**Dataset extract**
Start of Block
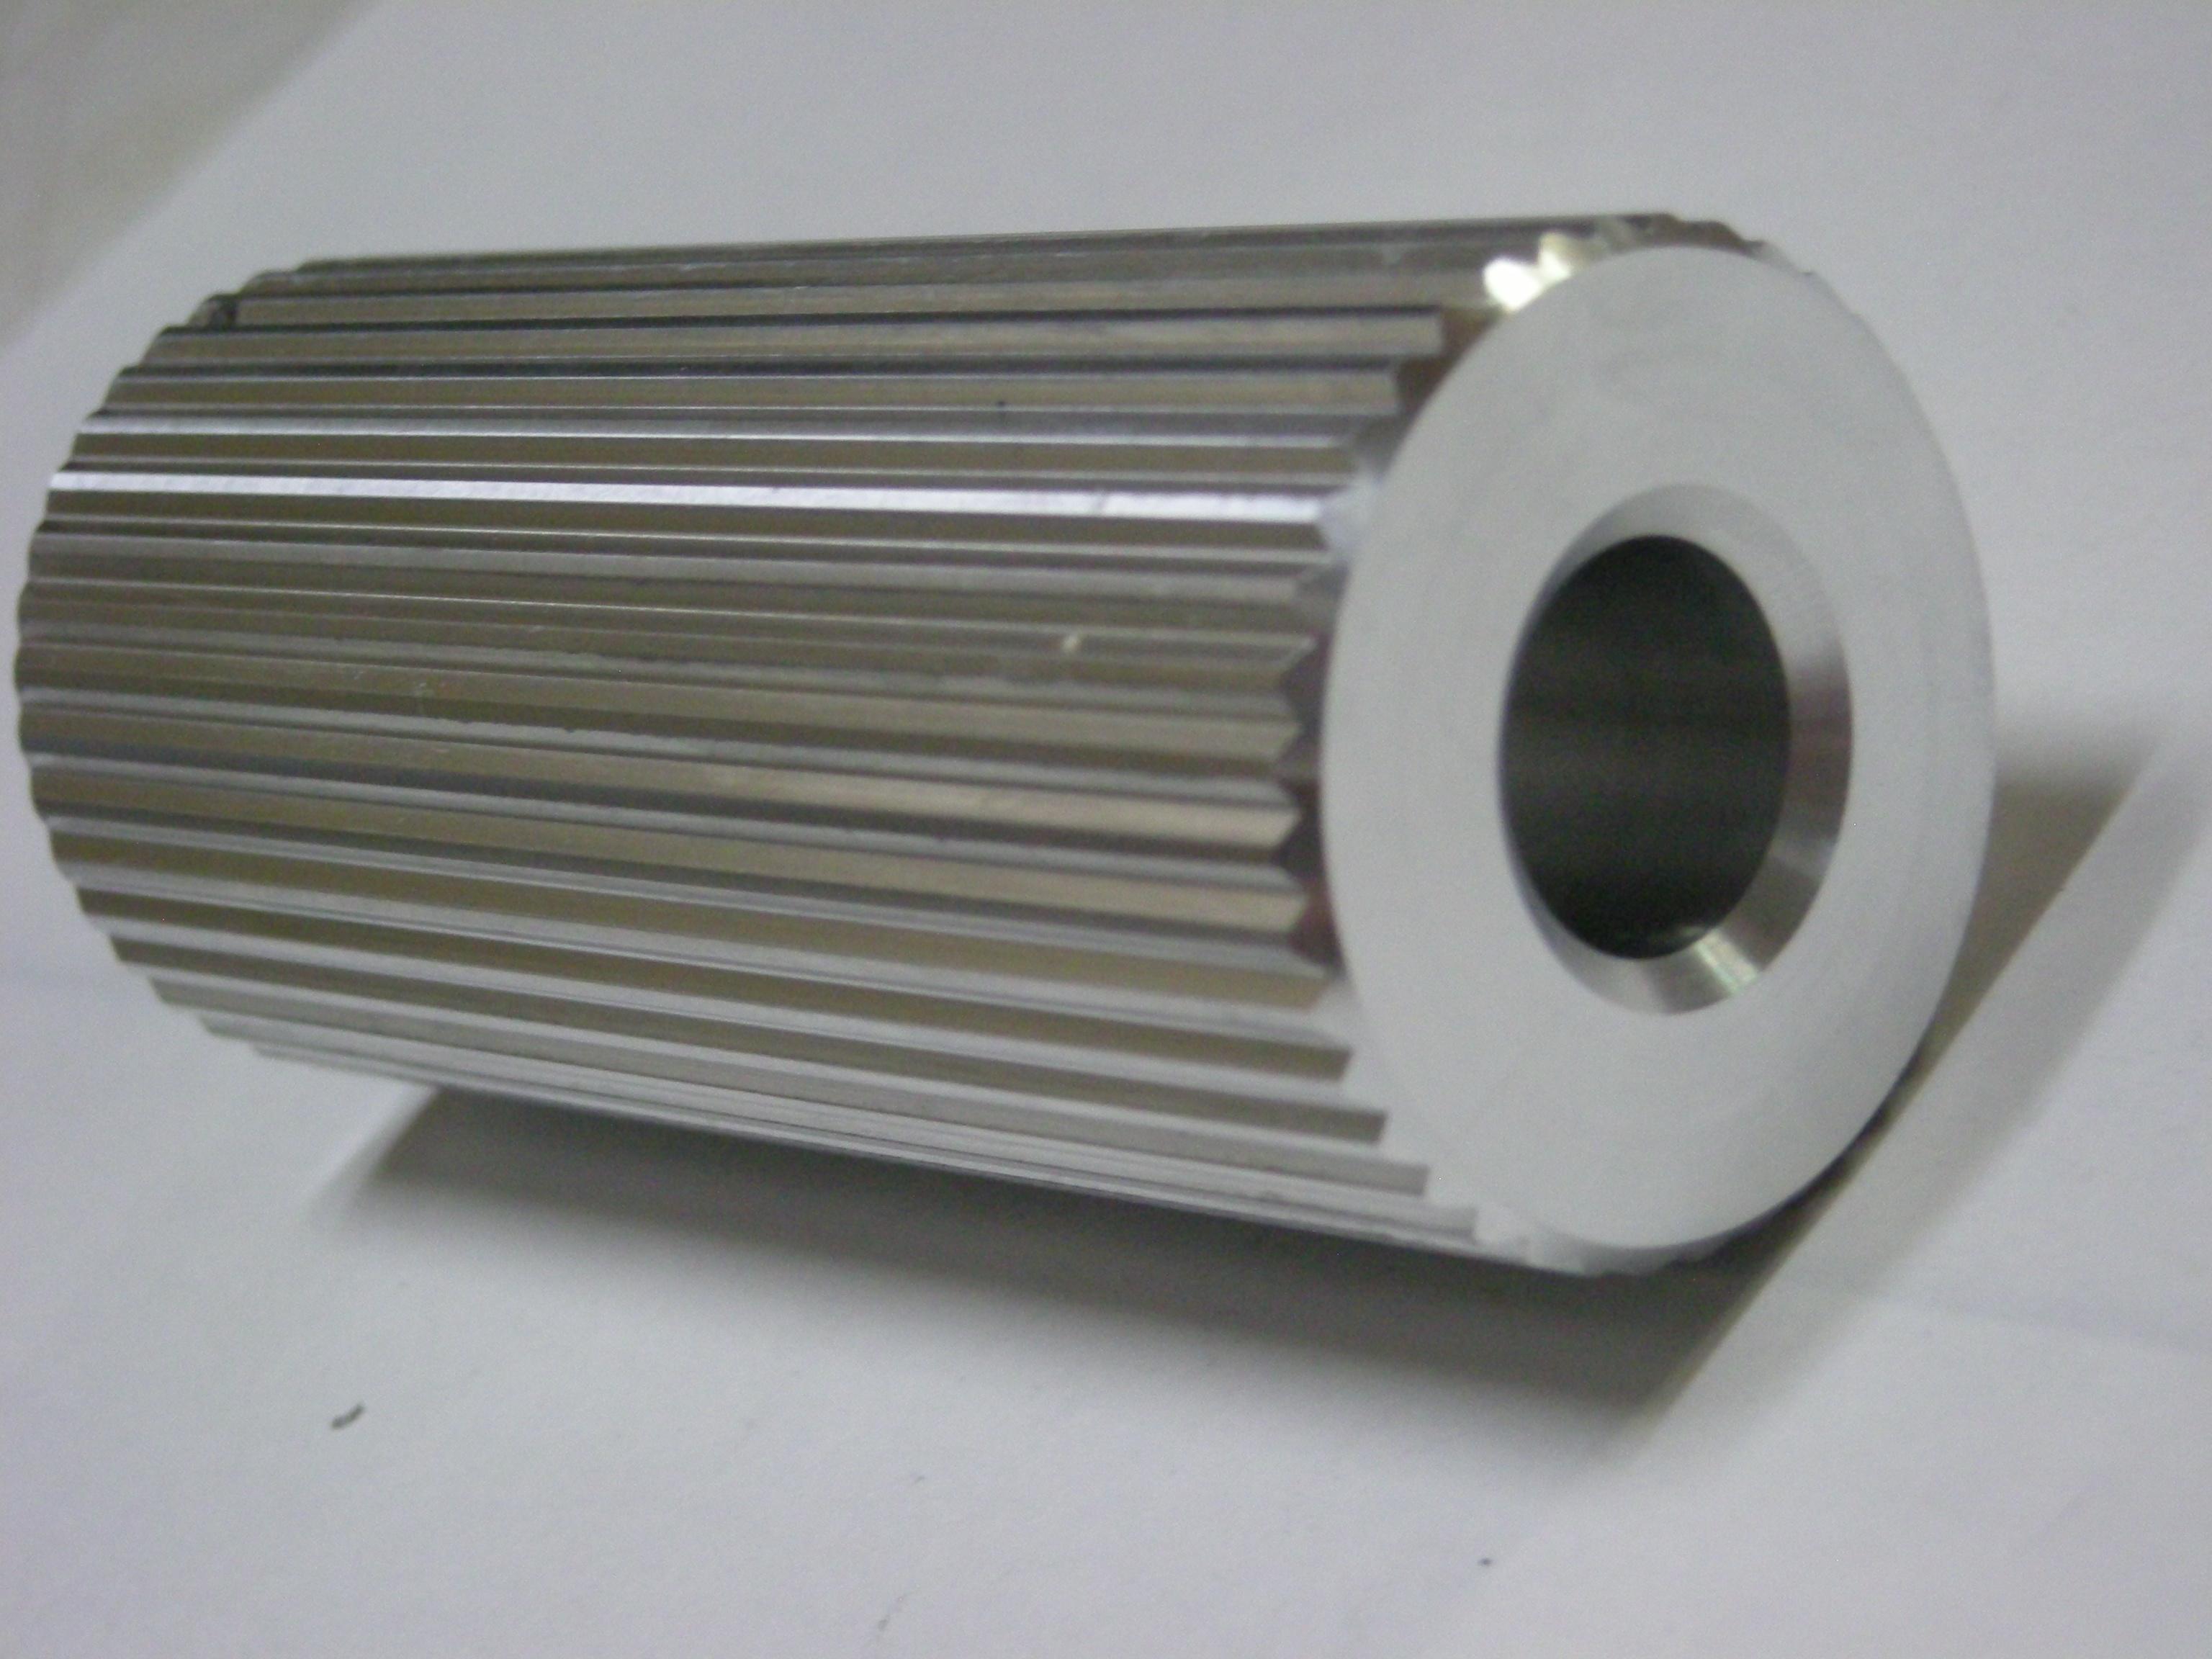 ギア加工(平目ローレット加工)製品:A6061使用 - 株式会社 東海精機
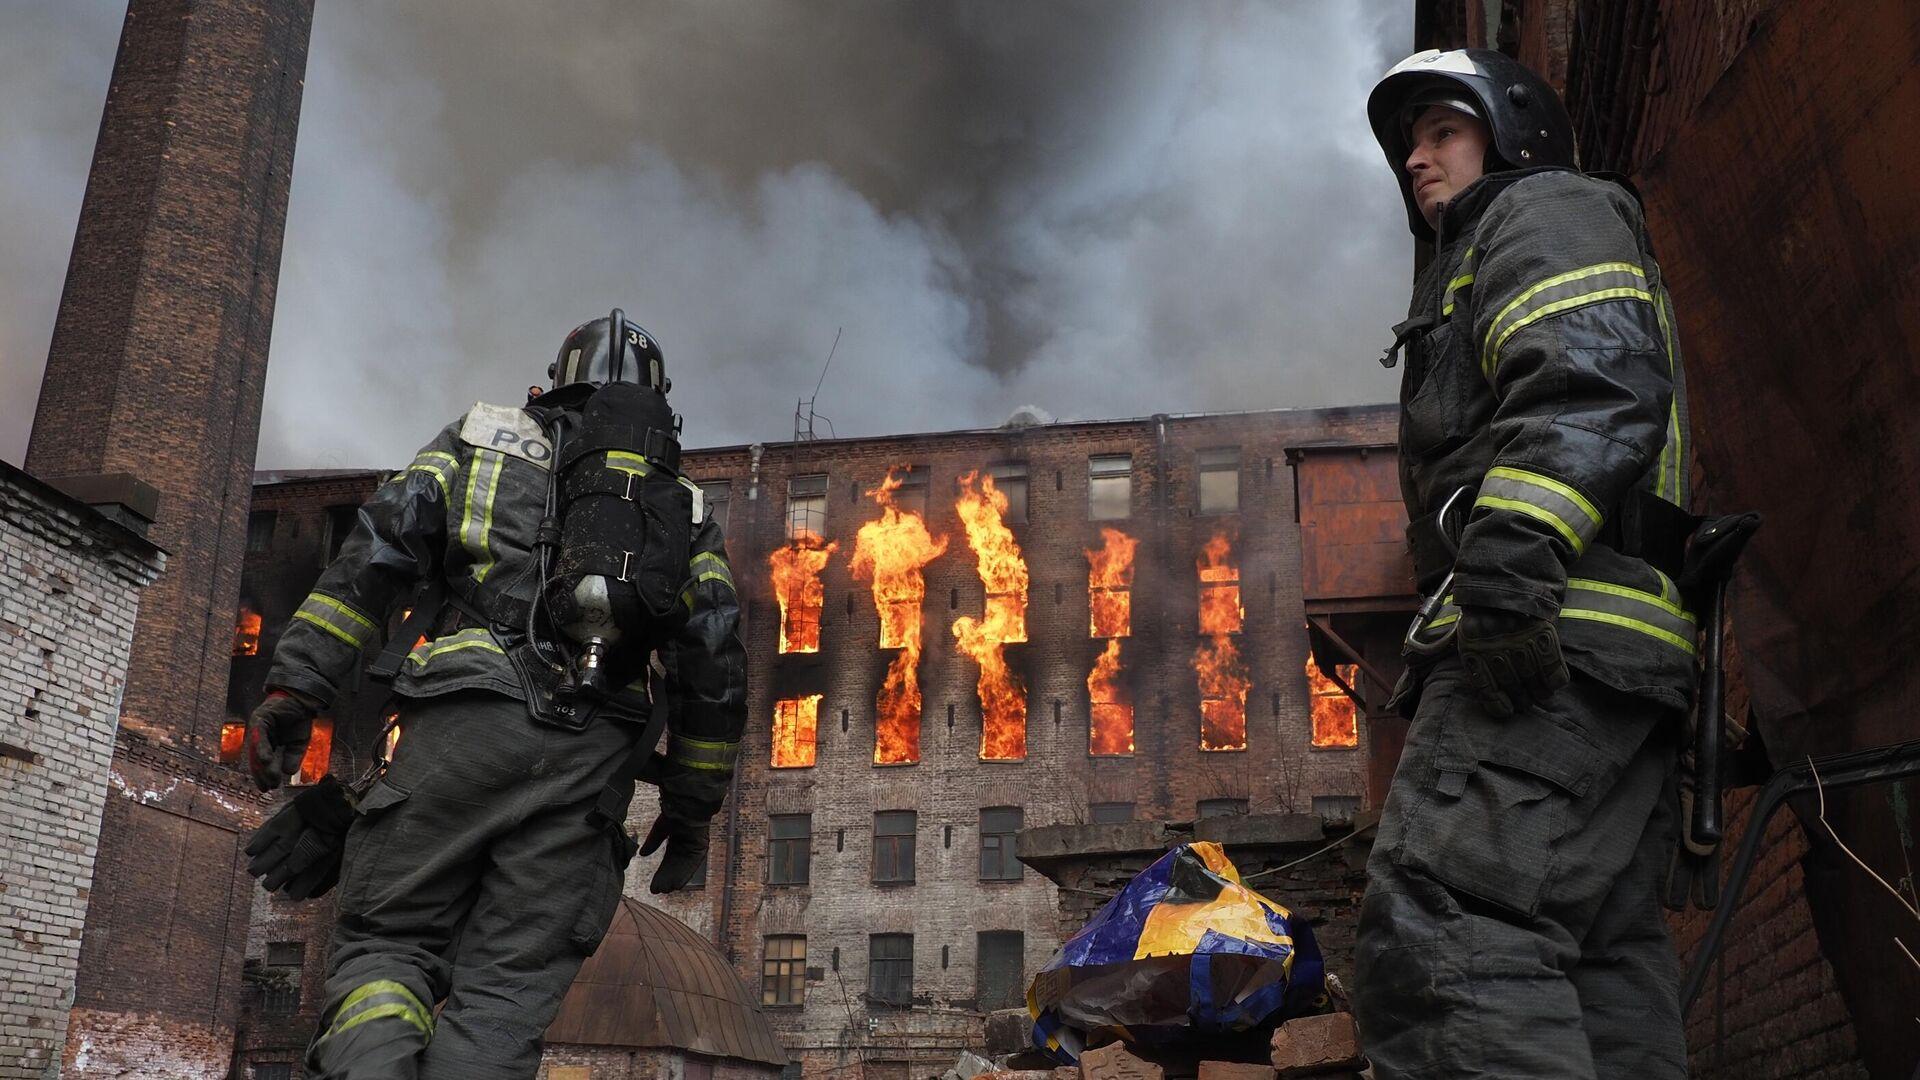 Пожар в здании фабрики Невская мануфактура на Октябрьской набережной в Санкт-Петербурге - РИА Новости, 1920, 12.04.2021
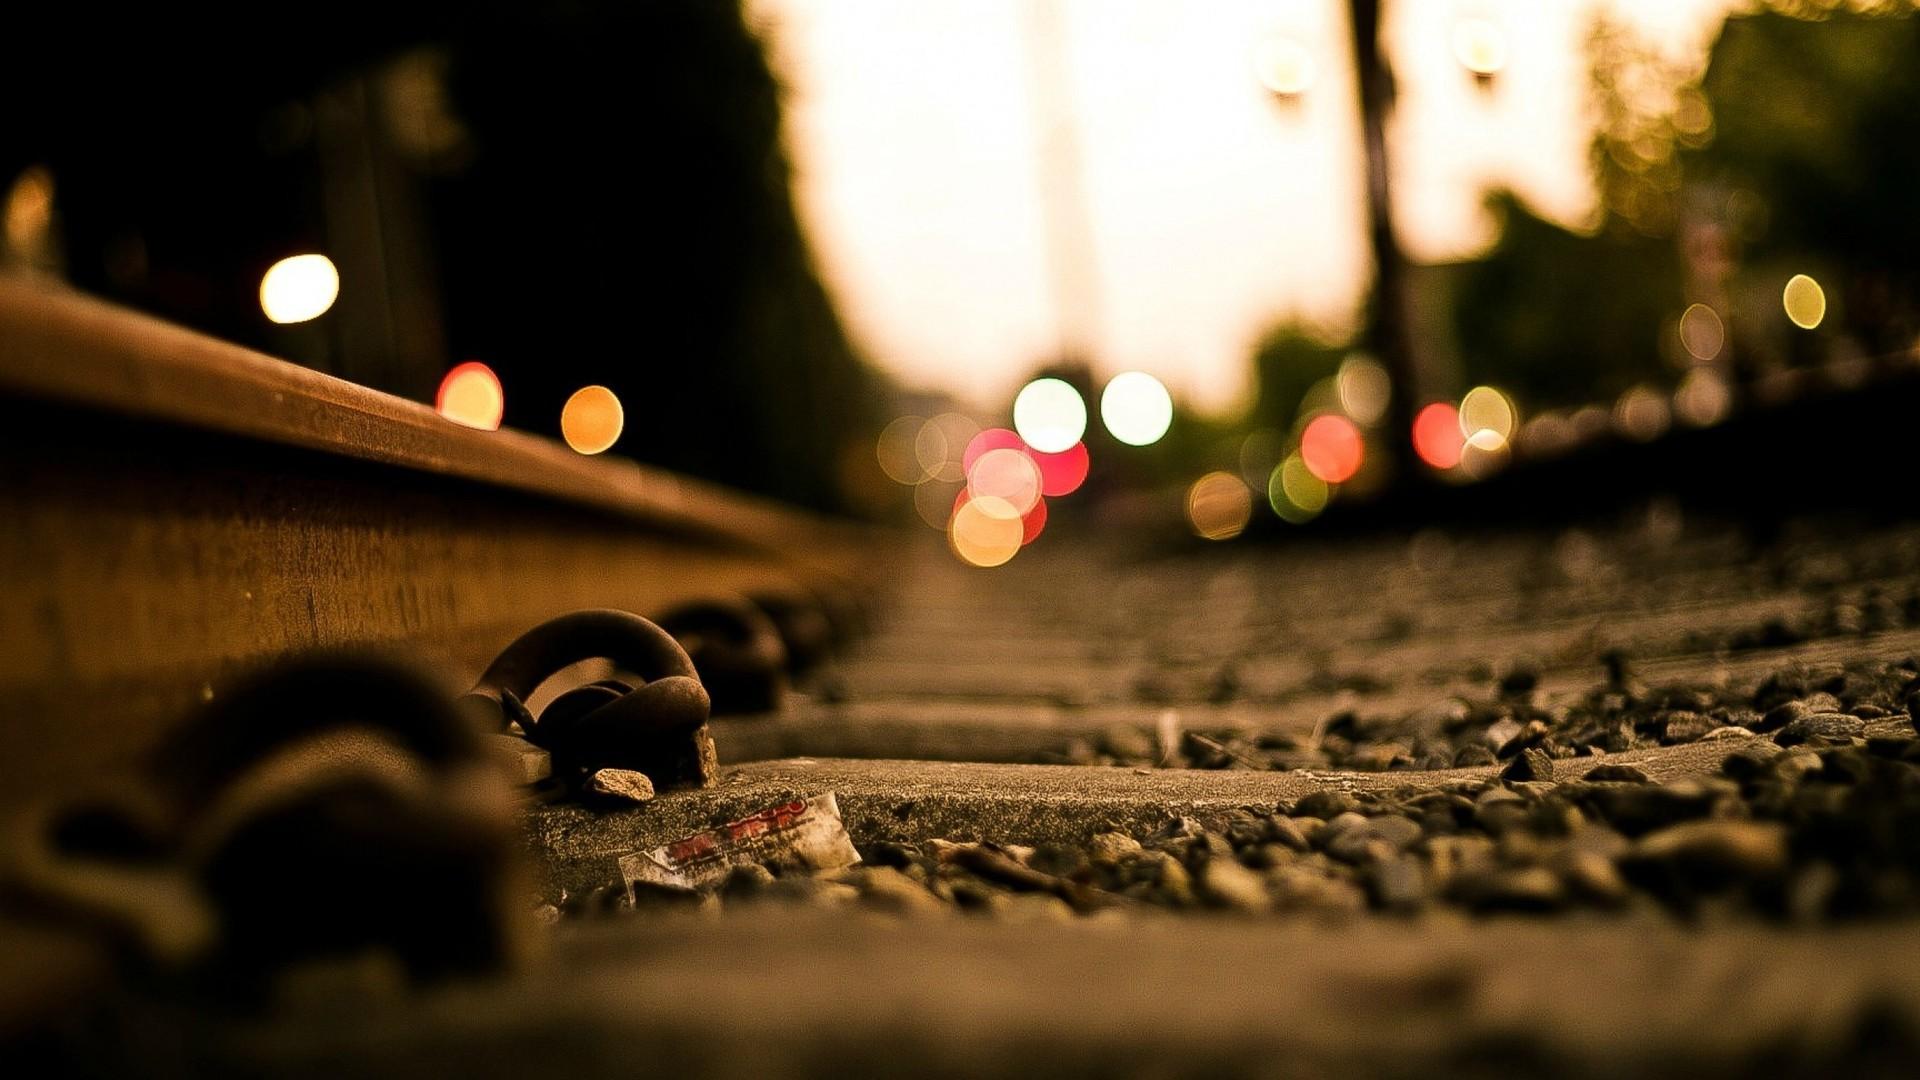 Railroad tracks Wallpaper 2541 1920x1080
End of Block
**Instructions to follow**
Without any of the pictures, reproduce the listing above exactly.

**Answer space**
 ギア加工(平目ローレット加工)製品:A6061使用 - 株式会社 東海精機
 Пожар в здании фабрики Невская мануфактура на Октябрьской набережной в Санкт-Петербурге - РИА Новости, 1920, 12.04.2021
 Railroad tracks Wallpaper 2541 1920x1080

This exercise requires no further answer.